Komunitas pada dirinya adalah individu-individu muslim yang memilih sebuah metode pemahaman dan pengamalan Islam. Umat pun pada dirinya adalah individu-individu yang memilih sebuah ajaran sebagai pedoman nilai dalam hidup. Keluarga pun demikian. Setiap himpunan sosial pada dirinya adalah individu-individu yang disatukan secara rasional karena kesamaan-kesamaan tertentu.

Kalau mau berwacana tentang prioritas kepentingan dan cakupan himpunan sosial, kita mesti menampilkan sebuah himpunan dengan cakupan lebih besar dari himpunan seagama dan sealiran.
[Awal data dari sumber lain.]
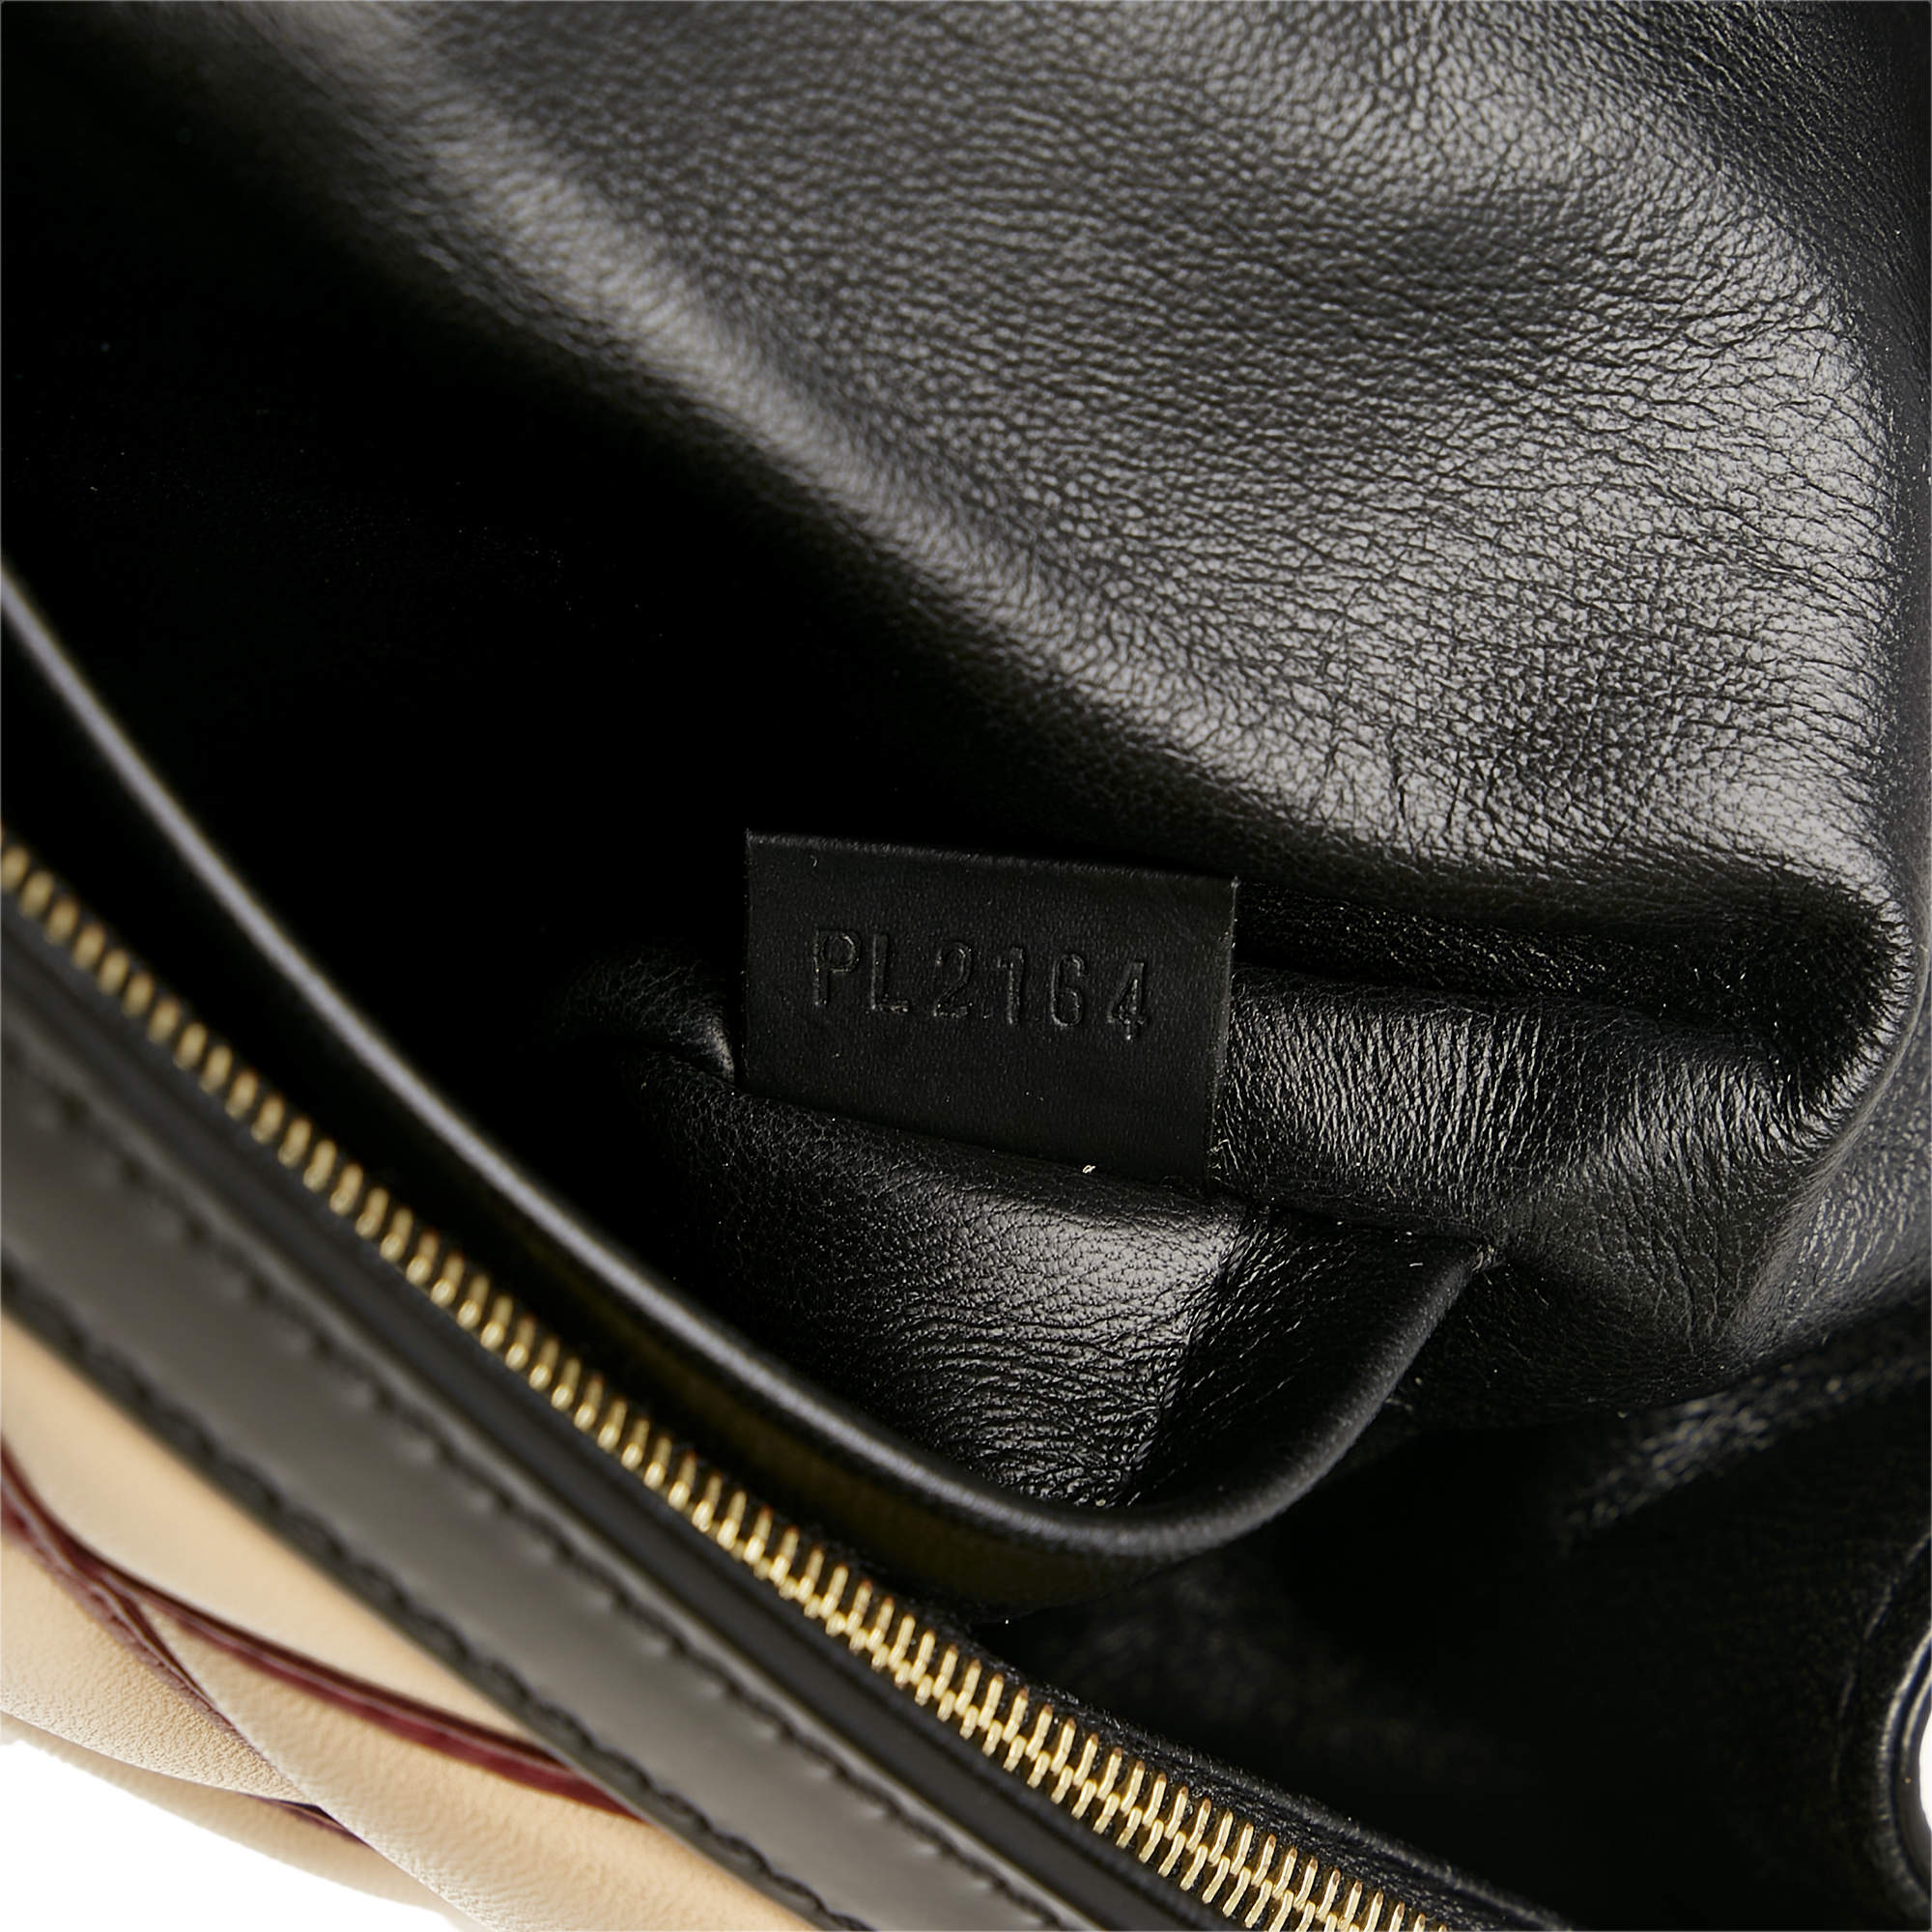 Louis Vuitton Beige?Black Malletage Pochette Flap Bag Louis Vuitton

Itulah bangsa.

Bila cakupan umat, lebih besar dari komunitas karena dasar pembentukannya adalah kesamaan agama, maka himpunan bangsa lebih besar dari umat seagama.

Kepentingan komunitas adalah kebebasan mengamalkan metode keberislaman yang dipilihnya alias mazhab. Kepentingan umat seagama adalah kebebasan mengamalkan ajaran yang dipilihnya sebagai sistem nilai dan pedoman hidup. Tapi komunitas harus sadar bahwa ia hidup dalam umat seagama yang berbeda metode alias mazhab. Umat seagama di Indonesia juga harus sadar bahwa ia hidup dalam himpunan yang di dalamnya hidup pula umat yang tak seagama.
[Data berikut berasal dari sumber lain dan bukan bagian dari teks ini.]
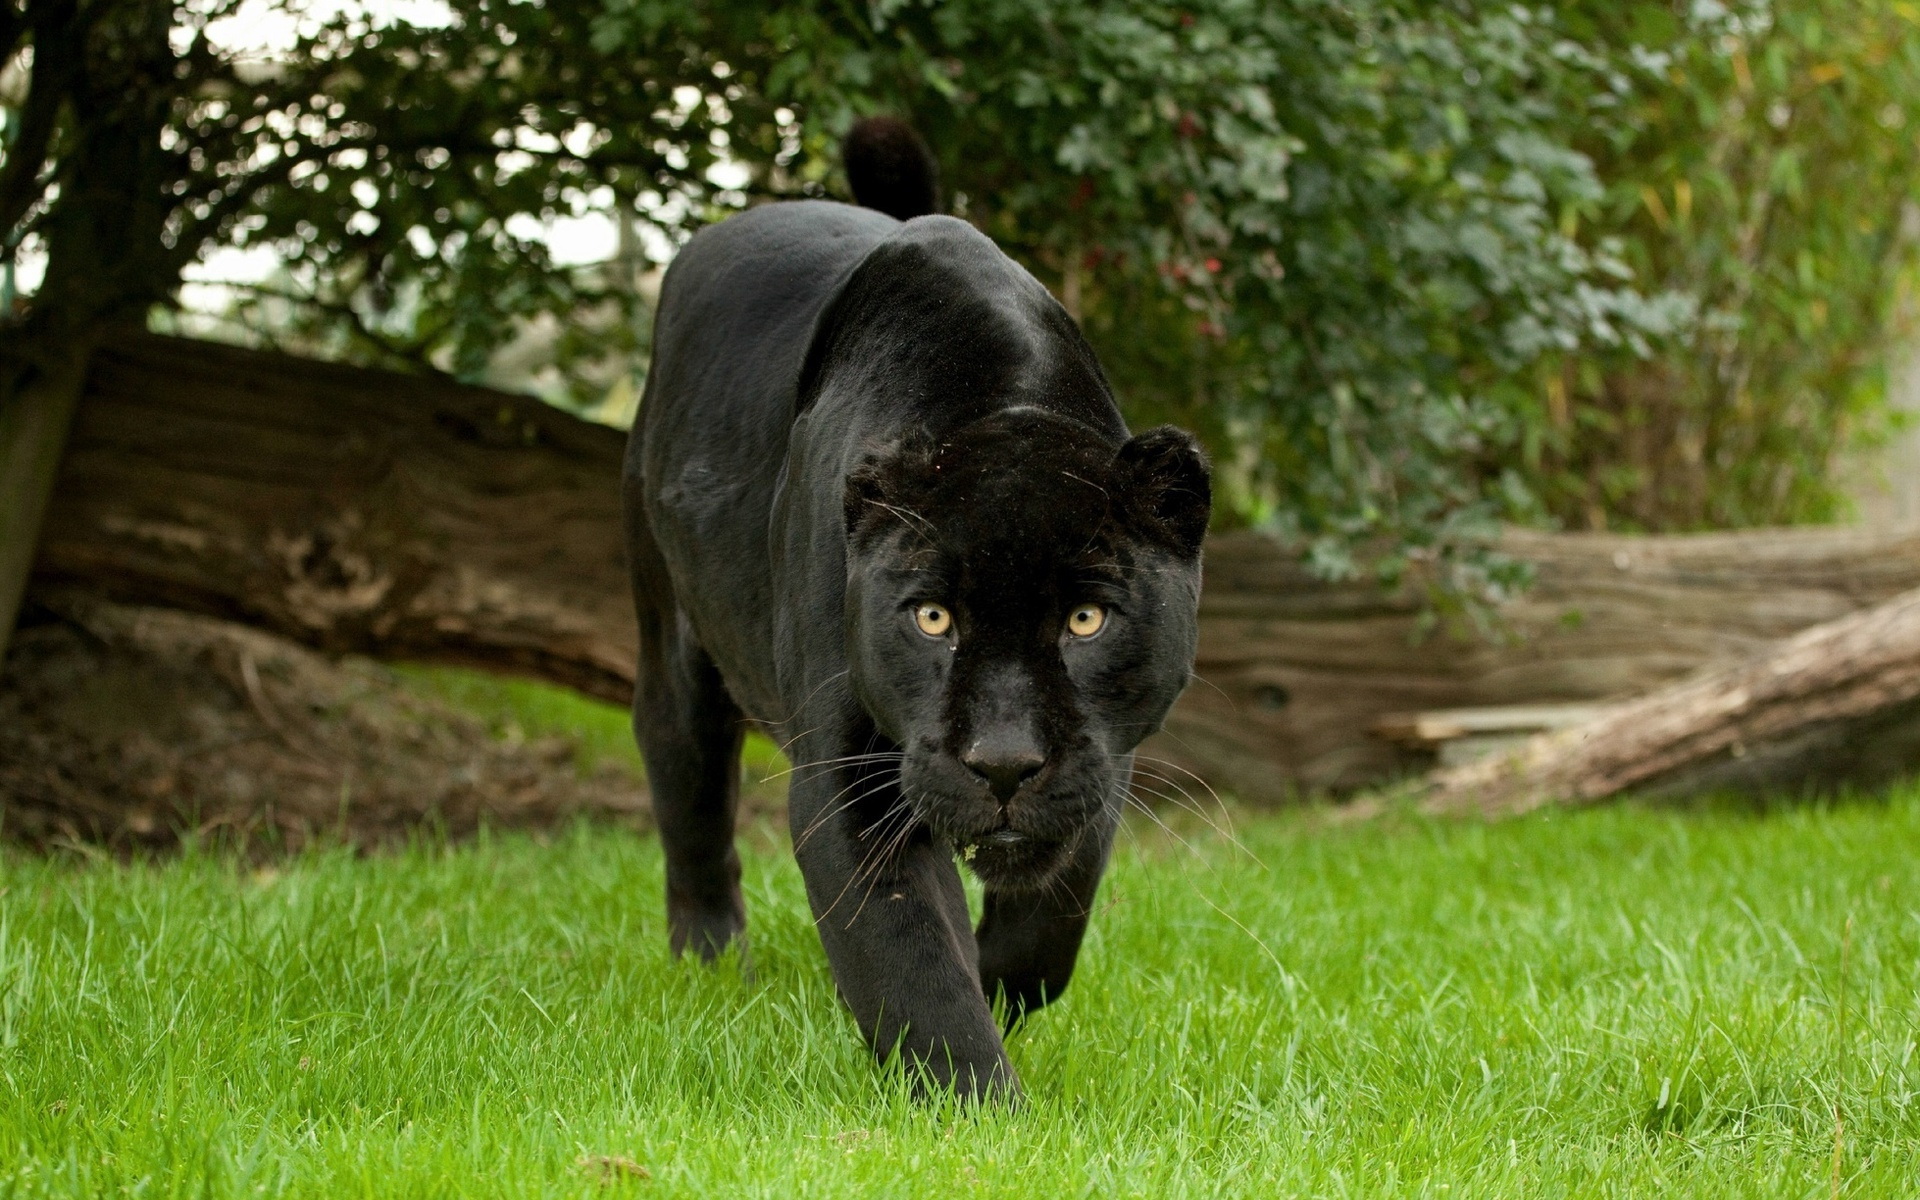 black jaguar animal wallpaper

Artinya, bila kepentingan yang lebih besar yang harus diutamakan, maka kepentingan harus mengambil cakupan lebih besar yang secara niscaya mencakup himpunan-himpunan di dalamnya (umat seagama dan komunitas semazhab), yaitu kepentingan bangsa.

Teori himpunan merupakan salah satu aksioma dalam logika penalaran dan matematika, termasuk teori himpunan modern yang dikenal dengan fuzzy logic. Cara mengoleksi obyek-obyek dapat didasarkan pada sifat mereka yang sama atau berdasarkan suatu aturan tertentu. Obyek-obyek yang menjadi anggota dari himpunan ini disebut dengan elemen dari himpunan tersebut. Jika p anggota himpunan A, ditulis pÎA, dibaca ‘p adalah elemen (anggota) dari himpunan A’. Jika obyek q bukan anggota dari himpunan A, ditulis qÏA.
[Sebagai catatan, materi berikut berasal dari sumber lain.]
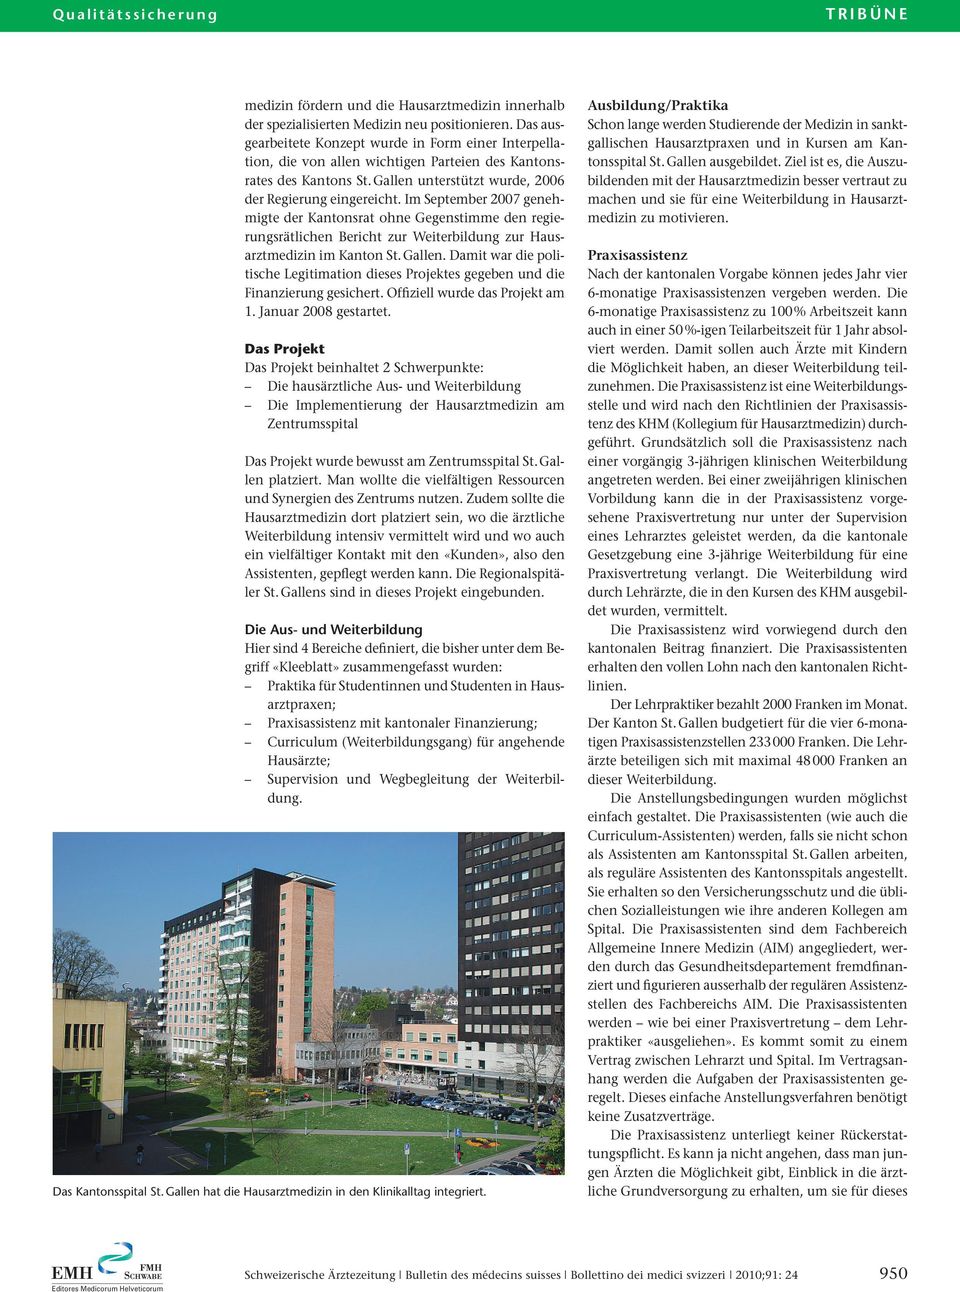 Im September 2007 genehmigte der Kantonsrat ohne Gegenstimme den regierungsrätlichen Bericht zur Weiterbildung zur Hausarztmedizin im Kanton St.Gallen.

Dengan kata lain, kepentingan tak bisa hanya dilontarkan tanpa isi dan tanpa urutannya.

Sebelum menyepakati dan mempertegas substansi kepentingan, kita harus memperjelas secara logis cakupan dan urutan himpunannya, umat manusia lalu bangsa kemudian umat seagama (umat Islam-dalam konteks bahasan ini) berikutnya komunitas mazhab dan akhirnya keluarga.

Terlepas dari kerumitan logika himpunan klasik dan modern, klaim memihak dan menentang dalam arena politik dengan dalih mengutamakan kepentingan umat atas kepentingan komunitas dan mengabaikan kepentingan bangsa yang mencakup komunitas dan umat adalah offside dalam aturan fifa logika. Secara tidak langsung menyisihkan kepentingan komunitas dari kepentingan umat Islam bisa dianggap offside teologi pula.

Kepentingan terbesar adalah kepentingan bangsa. Menjaga dan mempertahankan Indonesia dengan kebhinnekaan umat, baik yang beragama Islam dengan aneka aliran dan ormasnya maupun Kristen, Hindu, Budha, Konghuchu serta kepercayaan lainnya secara niscaya adalah kepentingan setiap warga negara. Inilah kepentingan yang layak dijadikan alasan.